*STORED DATA*.
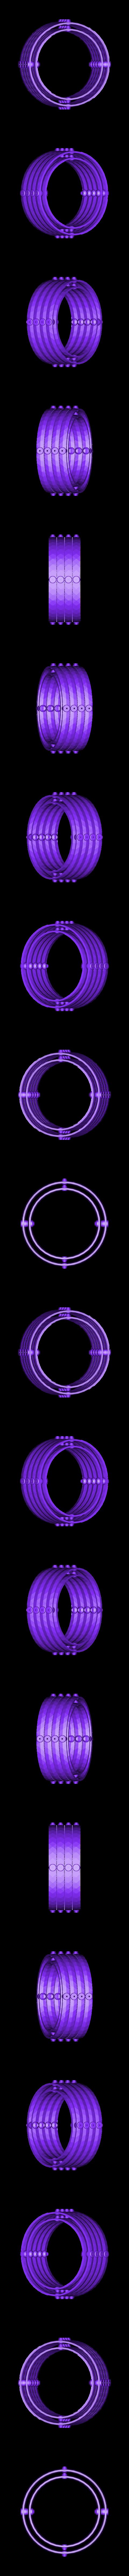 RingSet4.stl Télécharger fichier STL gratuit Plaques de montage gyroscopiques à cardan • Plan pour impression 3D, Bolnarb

* * *

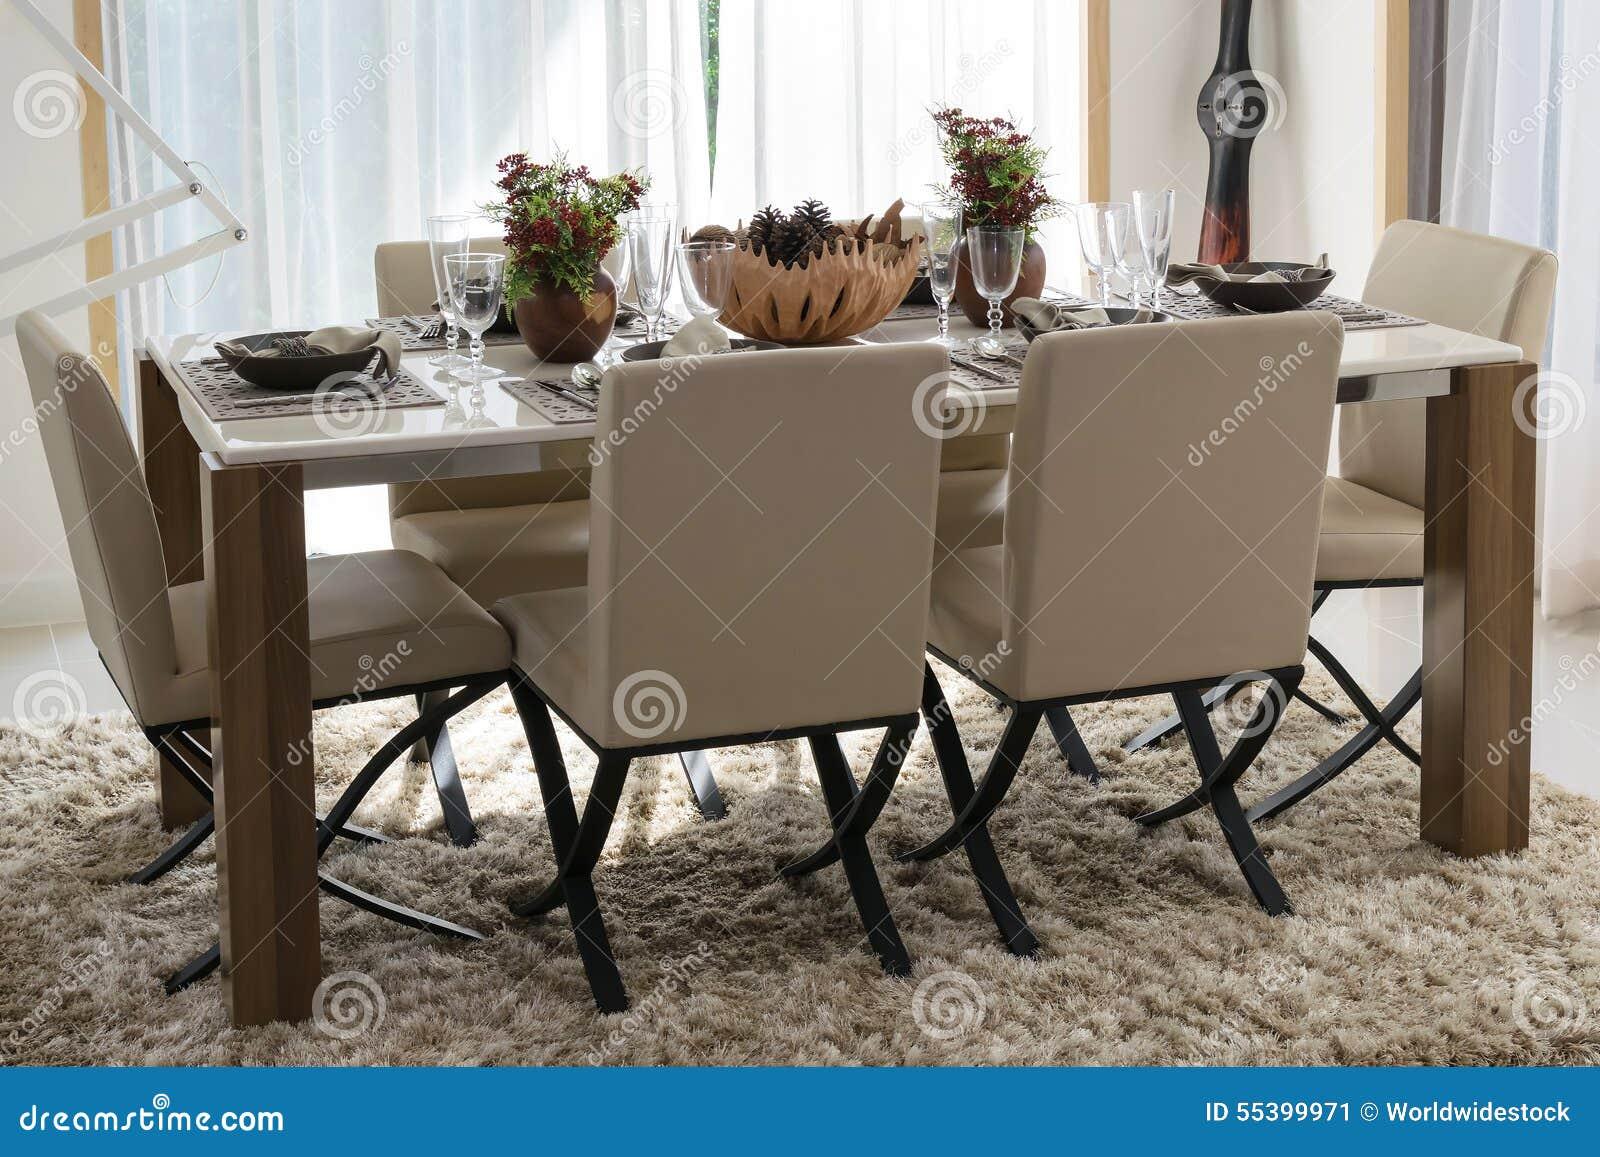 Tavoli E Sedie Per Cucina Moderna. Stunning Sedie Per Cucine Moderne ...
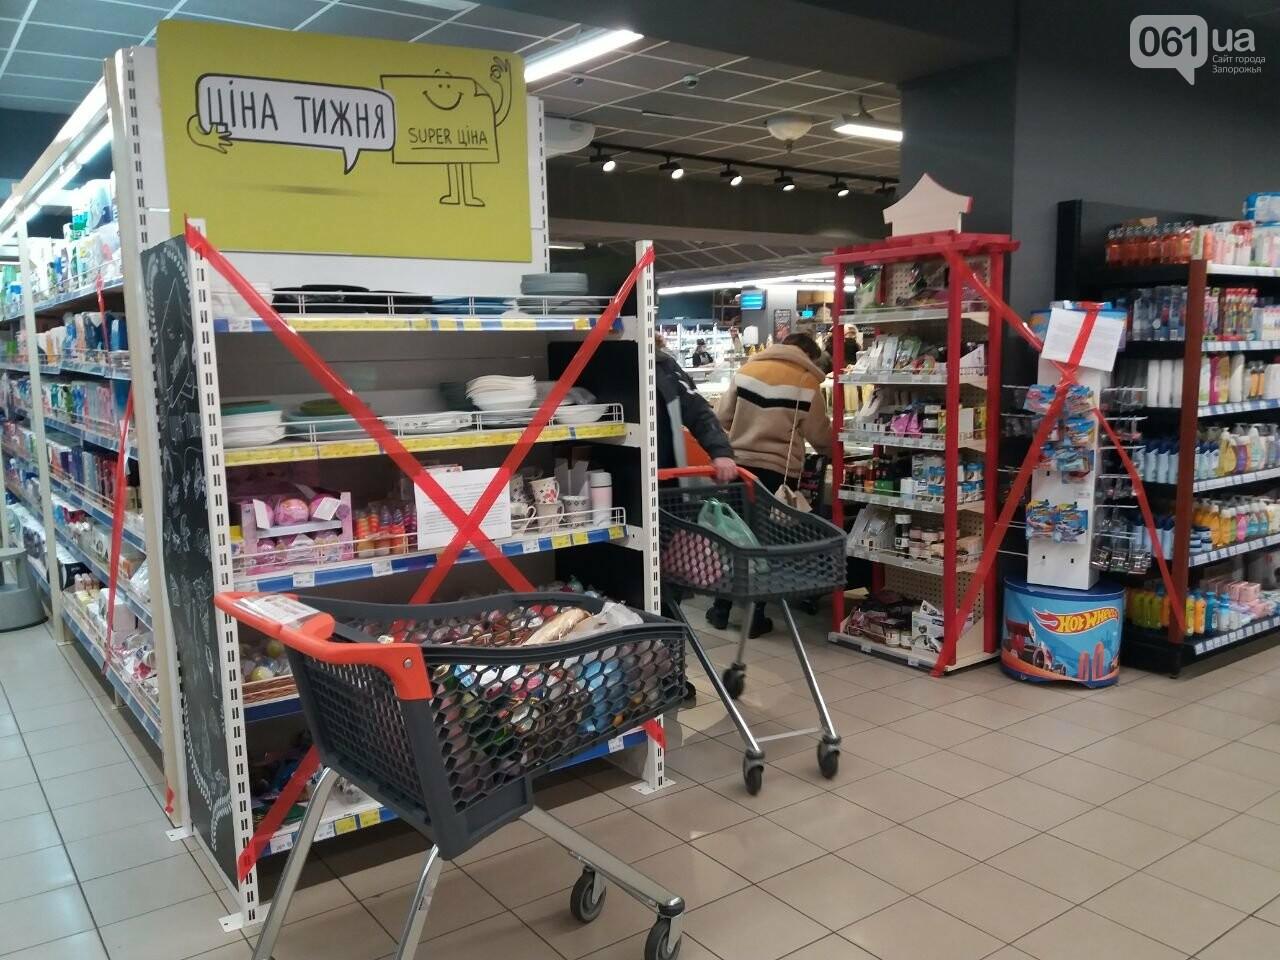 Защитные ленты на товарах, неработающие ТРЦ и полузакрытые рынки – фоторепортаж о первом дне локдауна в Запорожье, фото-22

*TRY IT*. In the records above, find the line with "Tavoli E Sedie" and the line with "Защитные ленты на". Write out exactly those lines and every one between, with no pictures and no other lines.

*RESPONSE AREA*.
 Tavoli E Sedie Per Cucina Moderna. Stunning Sedie Per Cucine Moderne ...
 Защитные ленты на товарах, неработающие ТРЦ и полузакрытые рынки – фоторепортаж о первом дне локдауна в Запорожье, фото-22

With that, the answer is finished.